A new report commissioned by the Department for Education found educators have taken on greater numbers of safeguarding and SEND-related jobs since the pandemic.

It was also reported that teachers are receiving more messages from parents and carers “with unrealistic expectations of response times”, as one leader noted they read 250 emails a day.

The study, by CooperGibson research, found teachers working in both primaries and secondaries spent about two hours a day on admin outside of class. This equates to 380 hours across a school year.

‘Make support staff role attractive’

The research firm recommended “a curriculum support officer could undertake many tasks” – like photocopying, printing and organising trips – to ease the pressure on teachers.

“Many participants [in our study] reported that roles such as a curriculum support or reprographics officer had been lost.

“Apart from funding, an important consideration would be to make this role an attractive one professionally with, for example, a clear career structure. Admin roles in higher education provide clear career progression pathways to very senior roles.”

CooperGibson said the officers could be “like a laboratory or DT technician replicated in other subject areas”.

Admin tasks deemed “necessary but time consuming” included the reporting of safeguarding concerns. Teachers said the need for the job to be completed on the same day could “be challenging if they have, for example, duties, meetings or extra-curricular events to run”.
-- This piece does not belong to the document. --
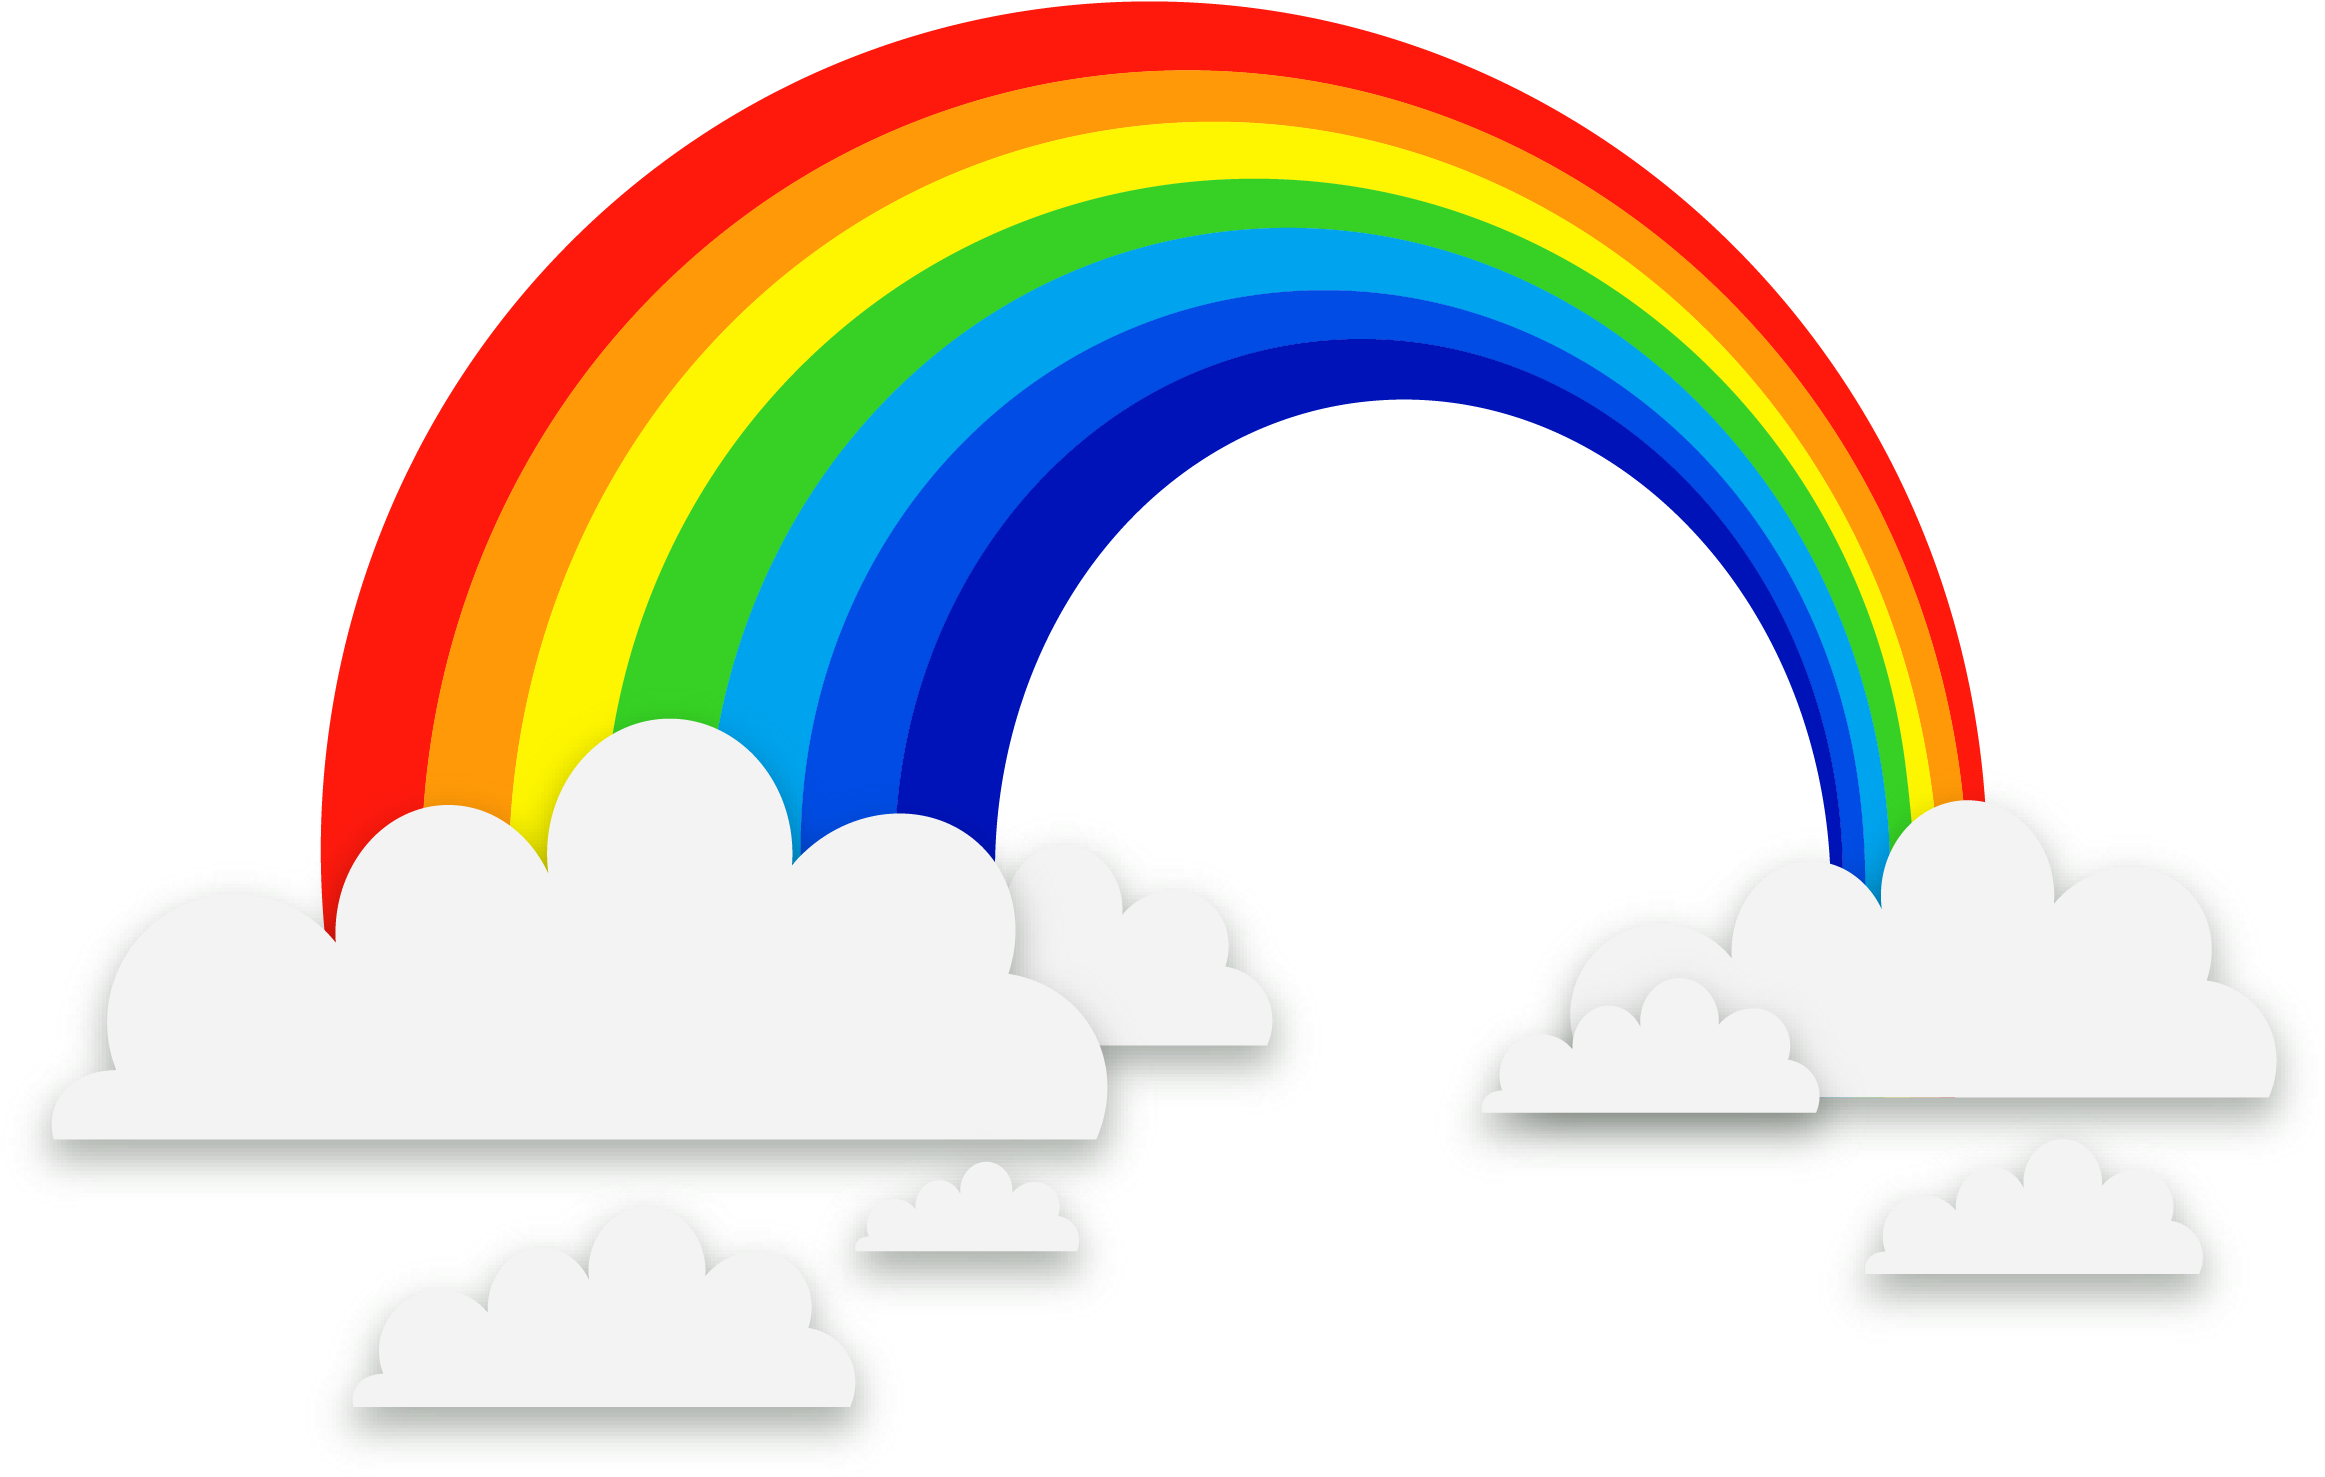 Rainbow Euclidean Vector - Clouds And Rainbow Clipart (2340x1484)
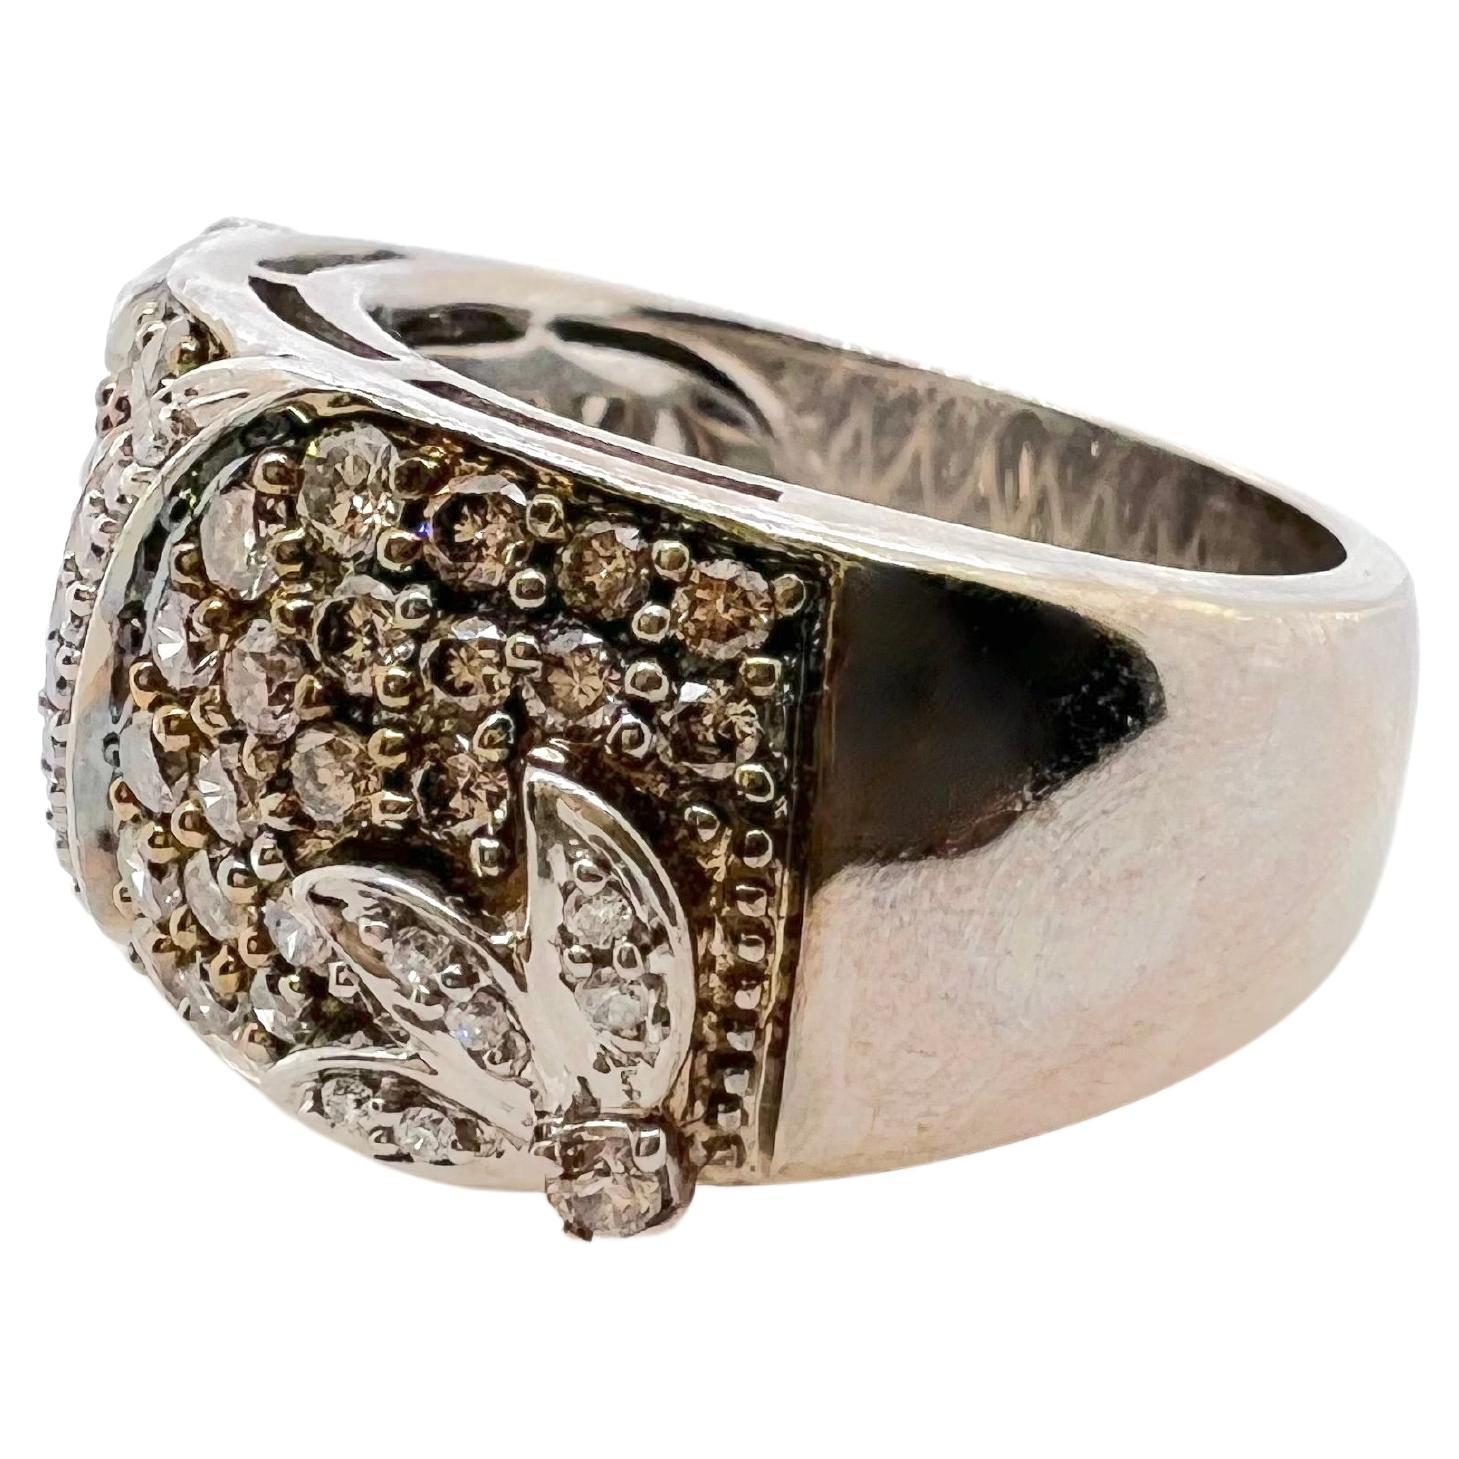 Ce magnifique bracelet en diamants de couleur champagne est serti dans une monture en or blanc 14k !  Cette bague attire le regard avec un petit nombre de diamants blancs pour contraster avec les diamants de couleur.  Il peut être porté de manière

Leaders spend hours dealing with emails

They also noted there “was still the need for extensive curriculum planning documentation, and some uncertainty about what is required of schools” during Ofsted inspections.  

Periods used to complete performance management records were said to “not merit the time spent on them”, as staff reported having “two and three meetings and a lesson observation” – which have to be catalogued – across the year.

“As well as the stress of being observed, reported by some of the participants, the contribution of the process to, for example, improving practice or maintaining professional standards were queried.”

Senior leaders also stated that admin often included having to read and send scores of emails. One single-academy trust boss revealed “it can take two hours to clear” the 250 messages they receive a day.

Some of those who took part in the 34-school survey also observed “an increase in emails from parents and carers, often with an unrealistic expectation of response times since the pandemic”.

Support staff and more prep time needed

The report also said there had been an “increase in tasks associated with the rise in the number of pupils identified with SEND”.

“Since the pandemic, interviewees noted there had been a sharp growth in referrals for pupils experiencing poor emotional wellbeing and/or mental health. This in turn, meant an increase, in round-robin requests and meetings with parents and pupils, for example, which require recording.”

But those surveyed by CooperGibson struggled “to identify any unnecessary tasks”. Teachers felt most of the jobs “either fully, or in some part, needed teacher involvement”.

Tasks considered unnecessary for teachers to keep doing included photocopying, printing and classroom displays.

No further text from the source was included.